WORK TASK: Where the data below contains pictures, omit them; output the rest word for word.

DATA SEGMENT:

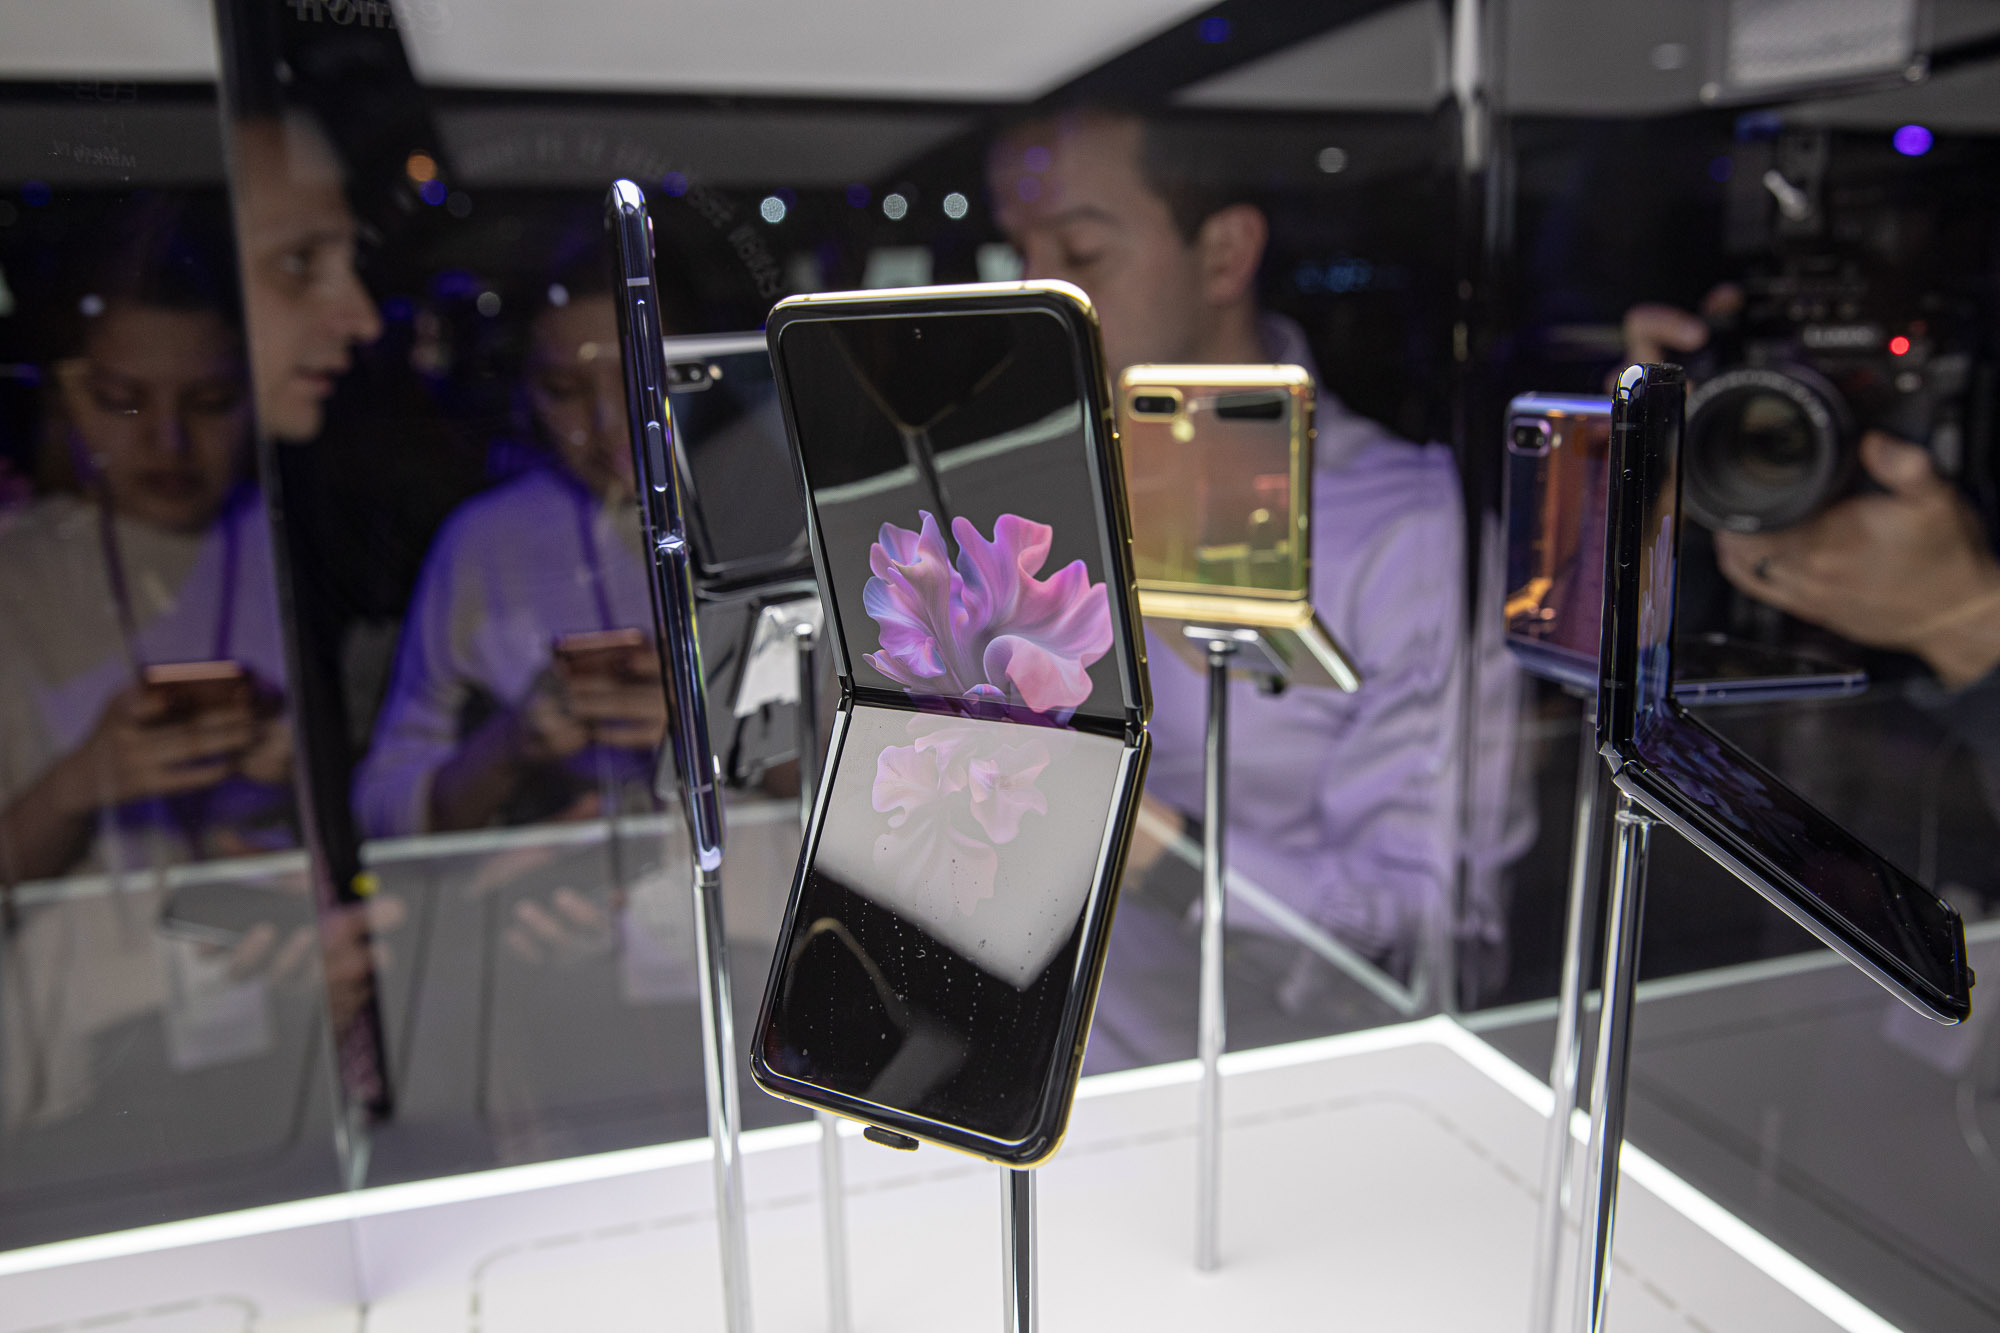 Samsung Announces New "Buy & Try" Program For Its Foldable Smartphones
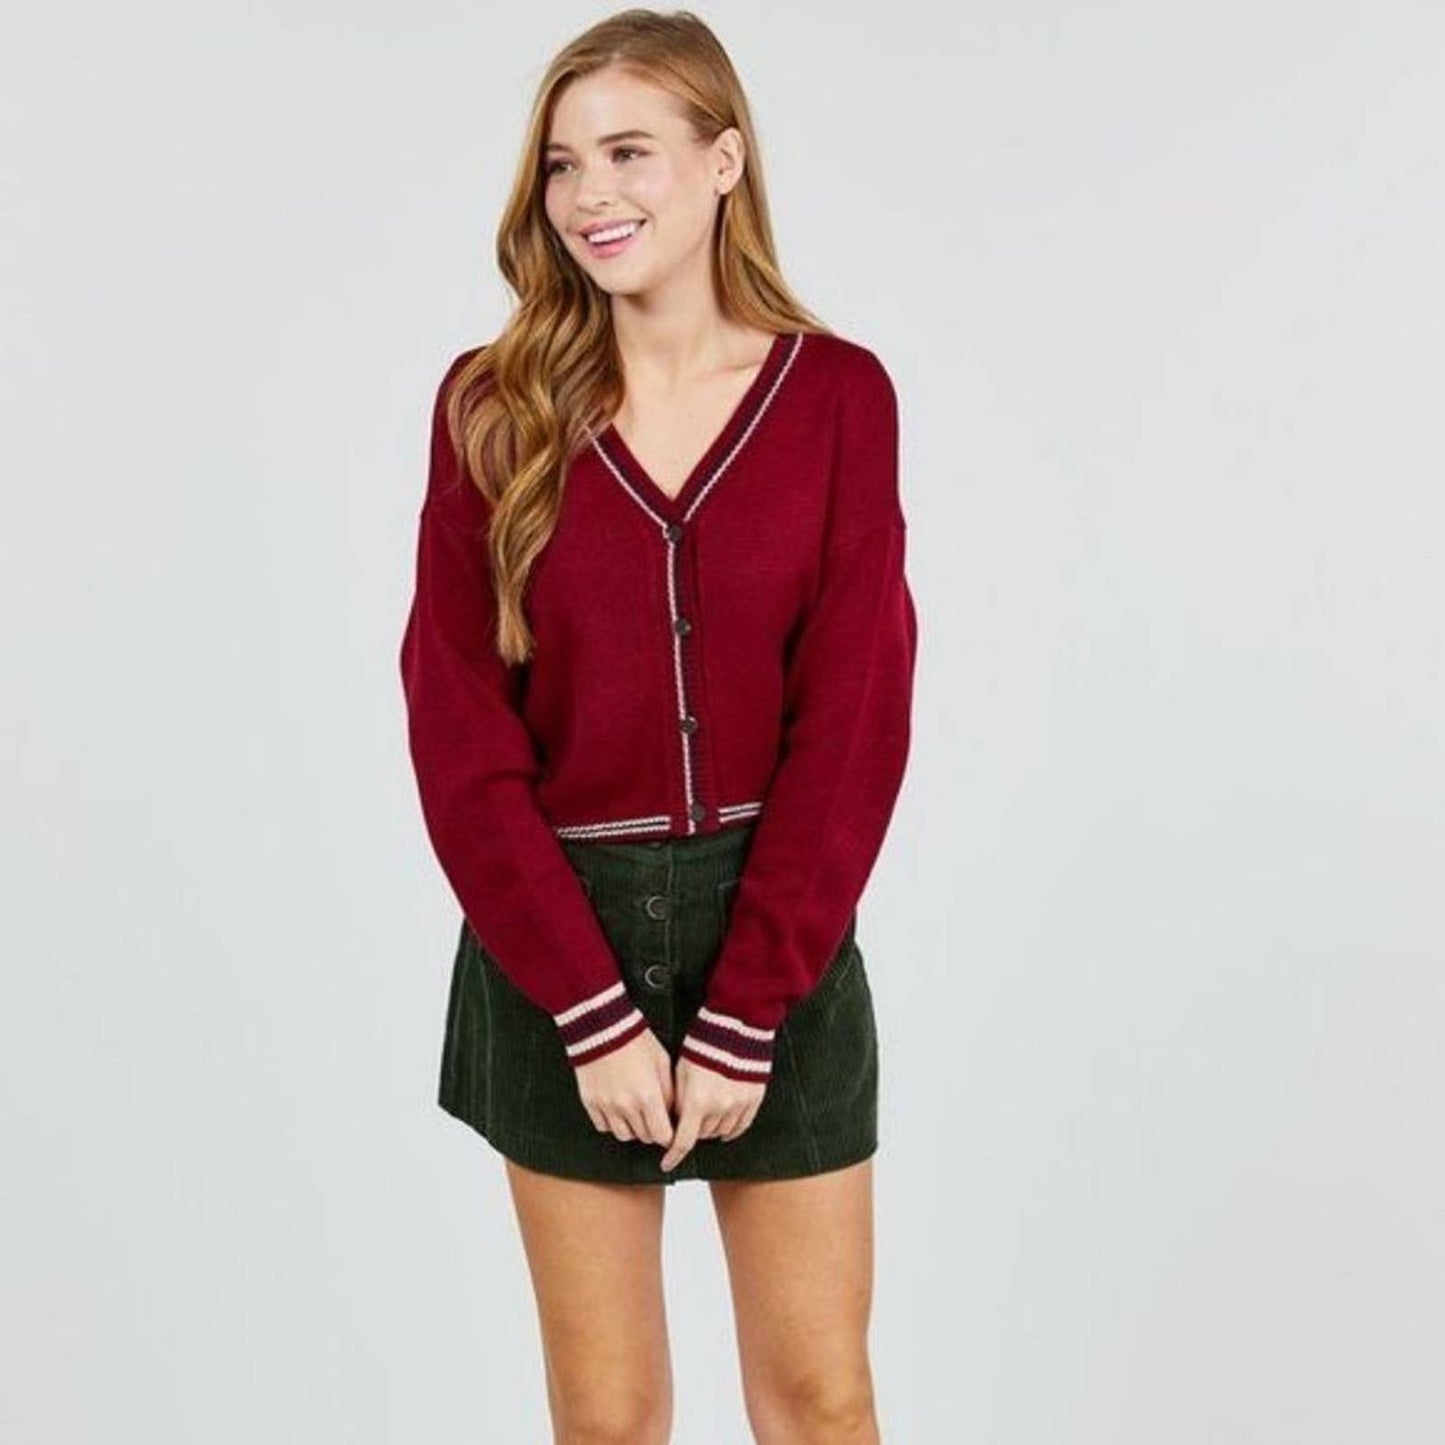 College Varsity cropped sweater NWT
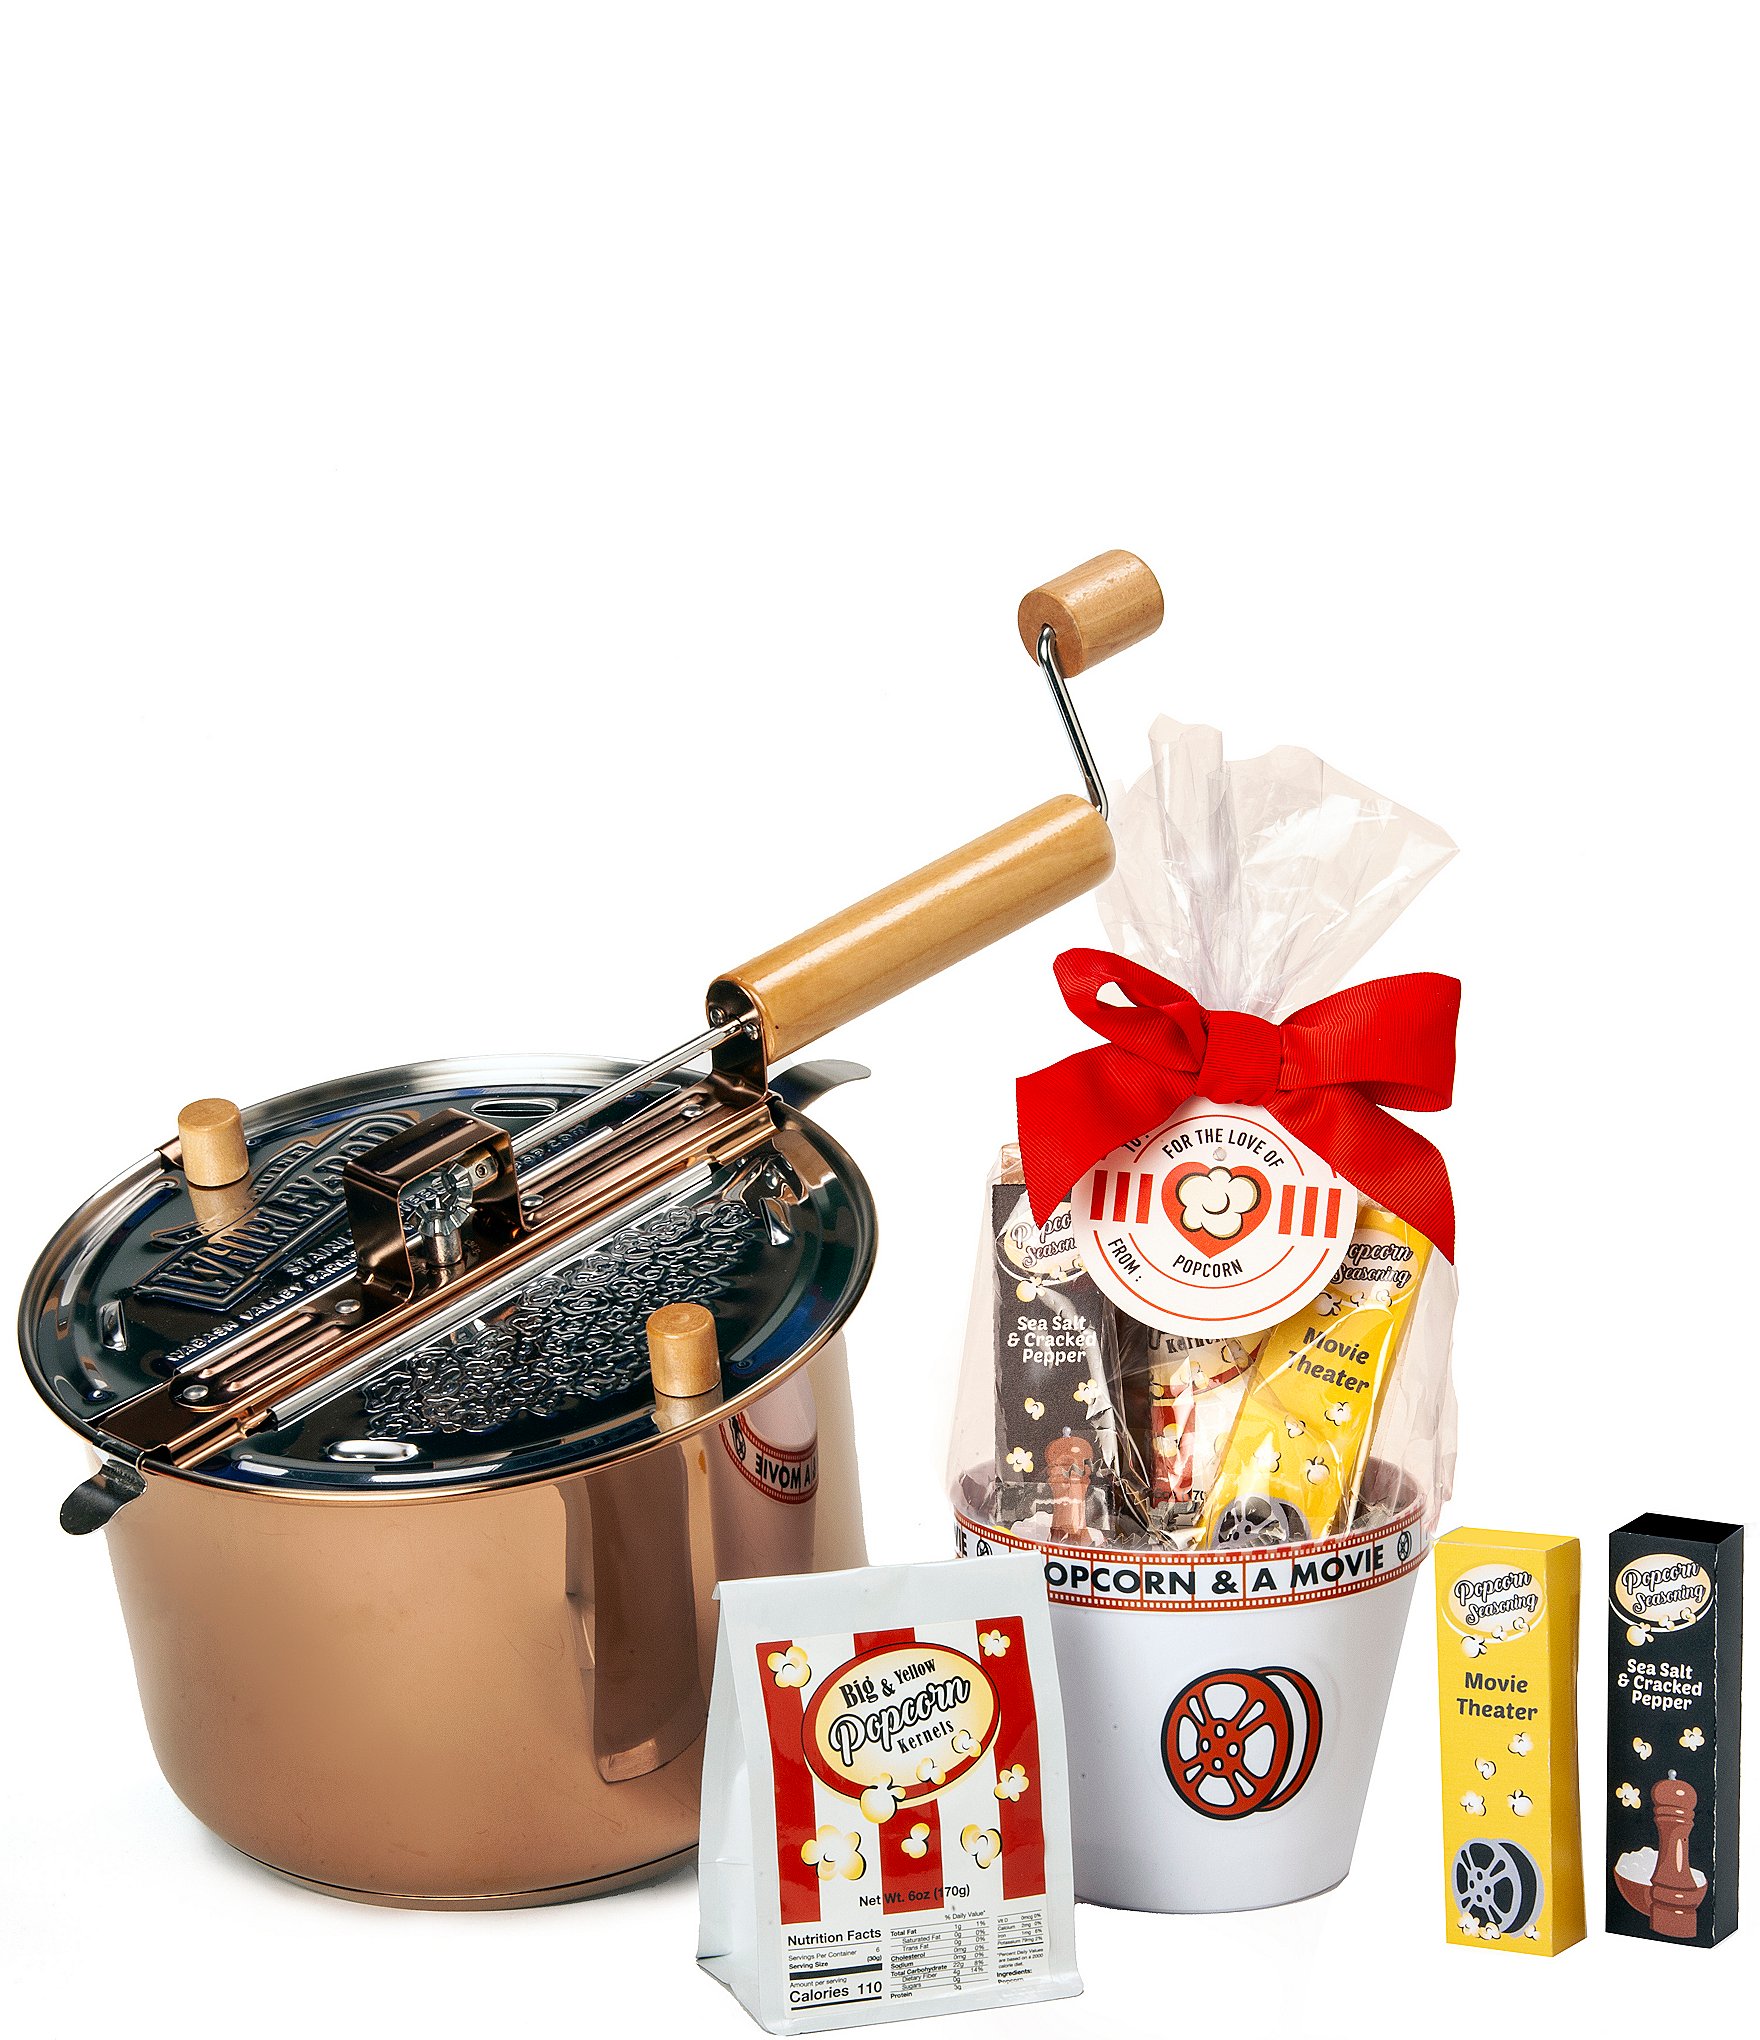 https://dimg.dillards.com/is/image/DillardsZoom/zoom/wabash-valley-farms-copper-plated-stainless-steel-whirley-pop-and-cello-popcorn-gift-set/20115339_zi.jpg

TASK ANSWER:
 Samsung Announces New "Buy & Try" Program For Its Foldable Smartphones
 College Varsity cropped sweater NWT
 https://dimg.dillards.com/is/image/DillardsZoom/zoom/wabash-valley-farms-copper-plated-stainless-steel-whirley-pop-and-cello-popcorn-gift-set/20115339_zi.jpg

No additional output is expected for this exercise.